**Exercise aim**
All of the listing should be output exactly, apart from the pictures.

**Available data**
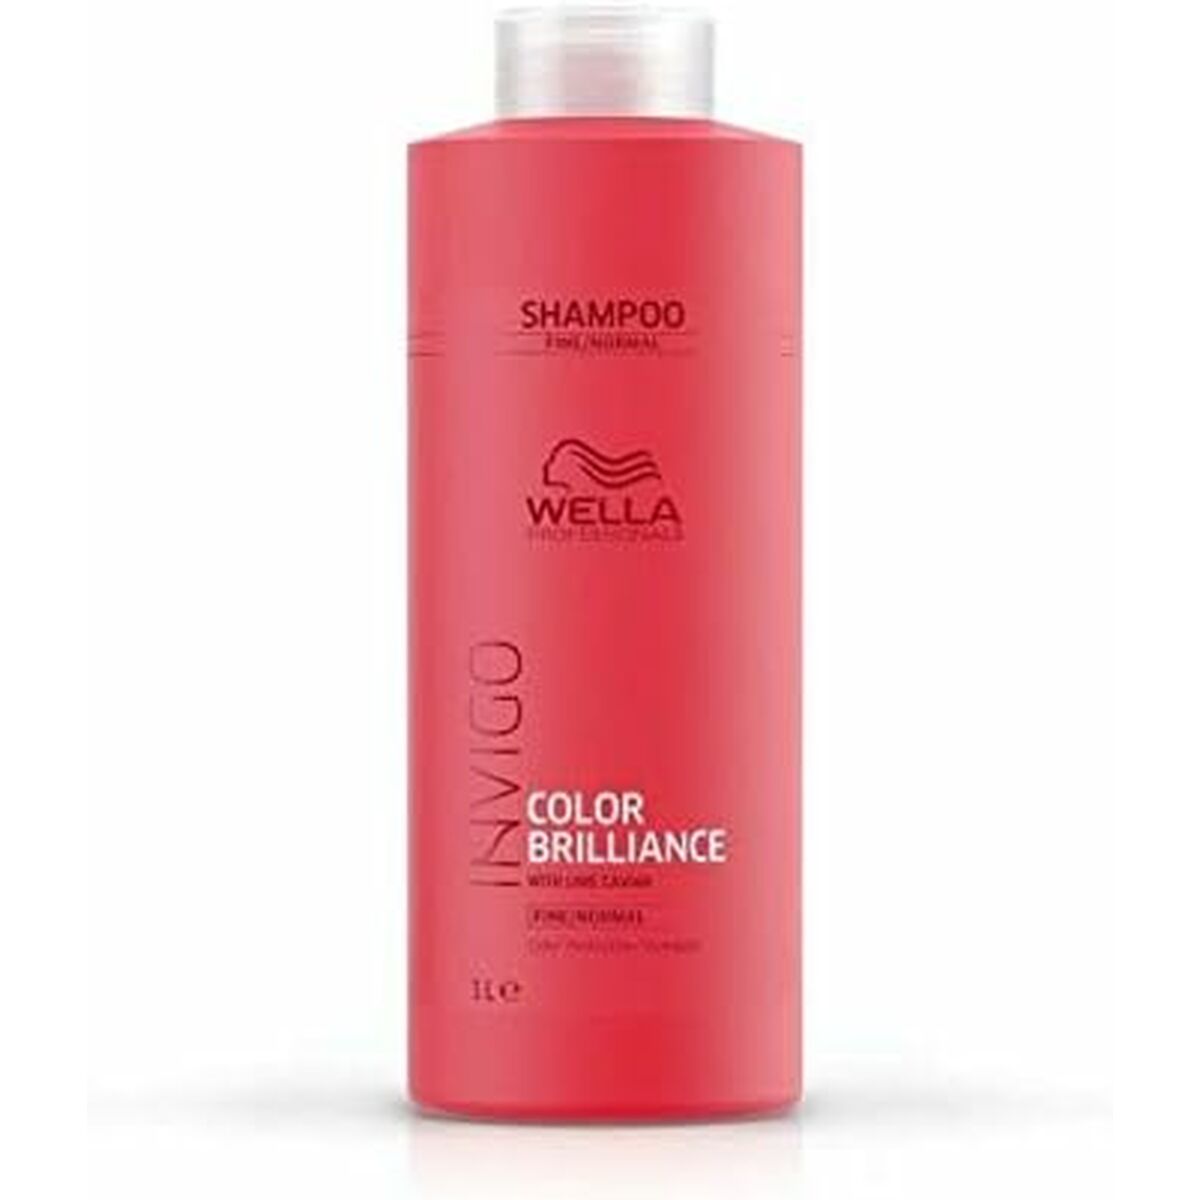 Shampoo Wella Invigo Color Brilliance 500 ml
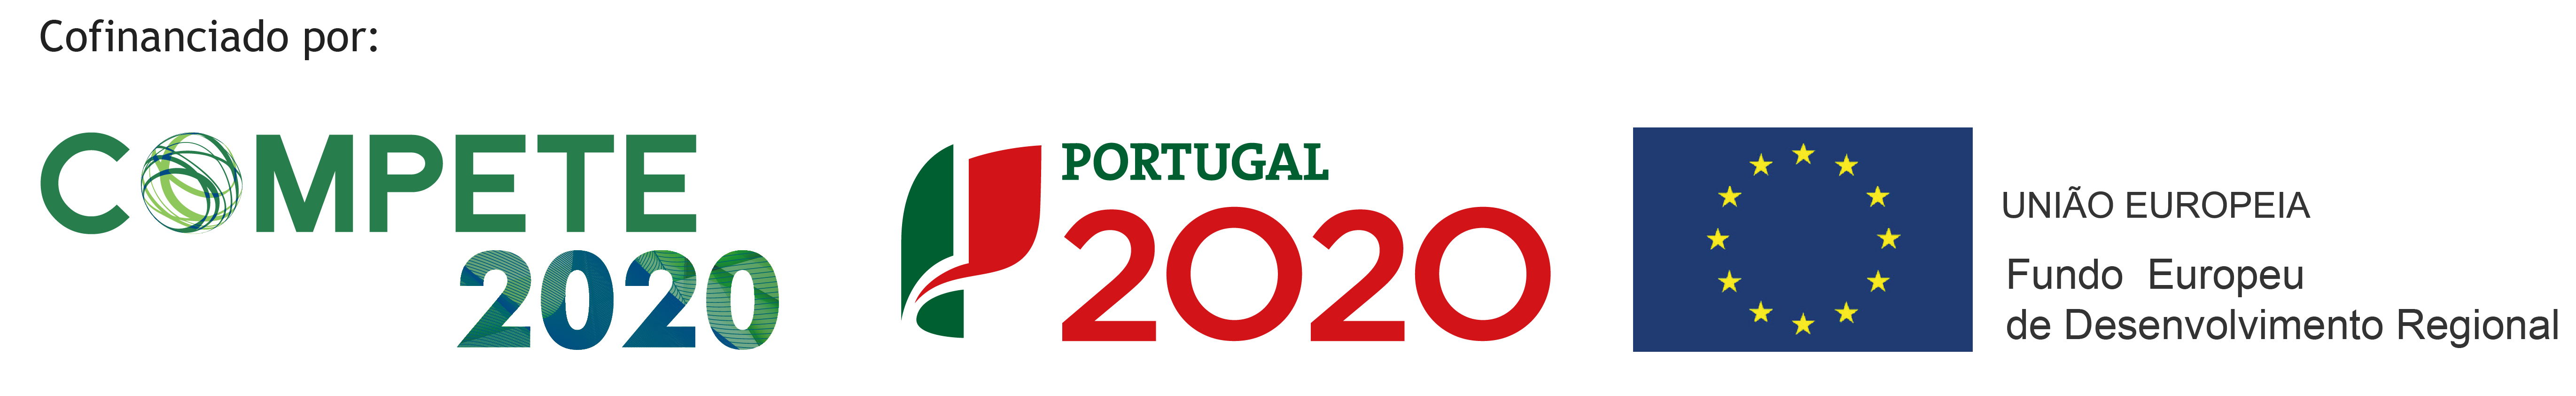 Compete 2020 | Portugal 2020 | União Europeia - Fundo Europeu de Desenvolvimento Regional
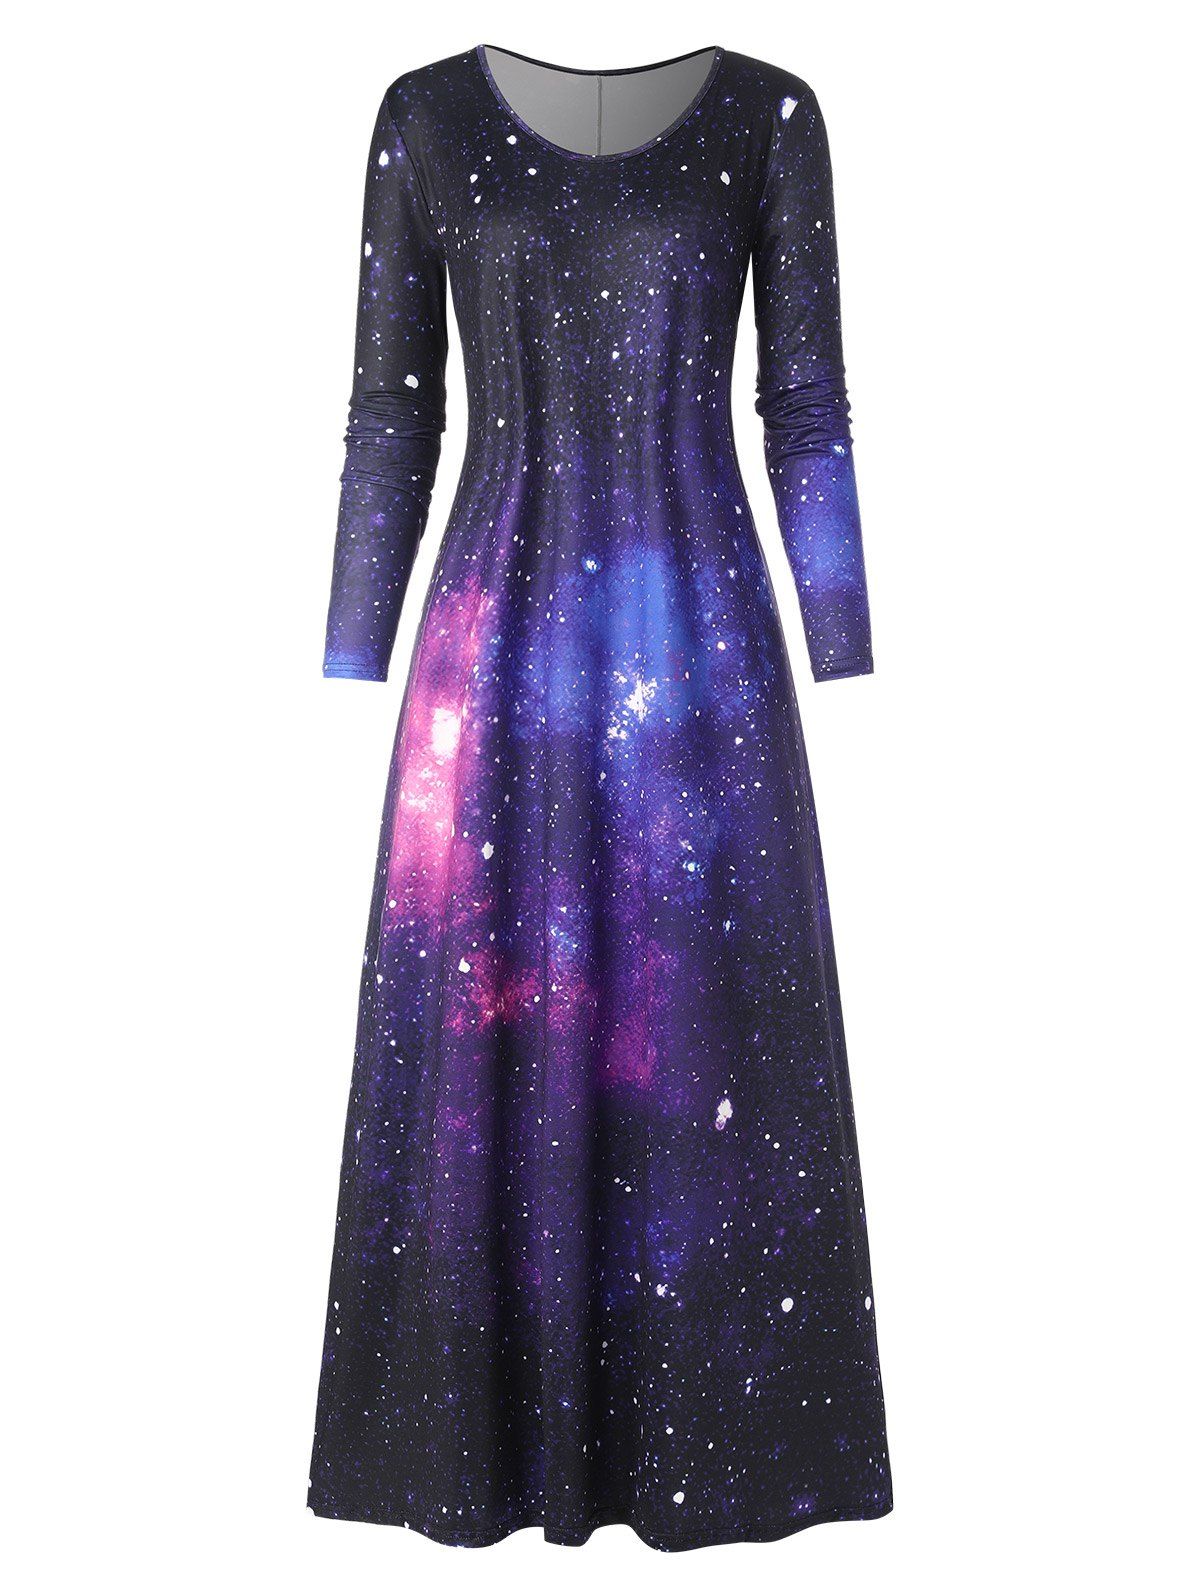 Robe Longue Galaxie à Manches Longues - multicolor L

**Reply**
 Shampoo Wella Invigo Color Brilliance 500 ml
 Compete 2020 | Portugal 2020 | União Europeia - Fundo Europeu de Desenvolvimento Regional
 Robe Longue Galaxie à Manches Longues - multicolor L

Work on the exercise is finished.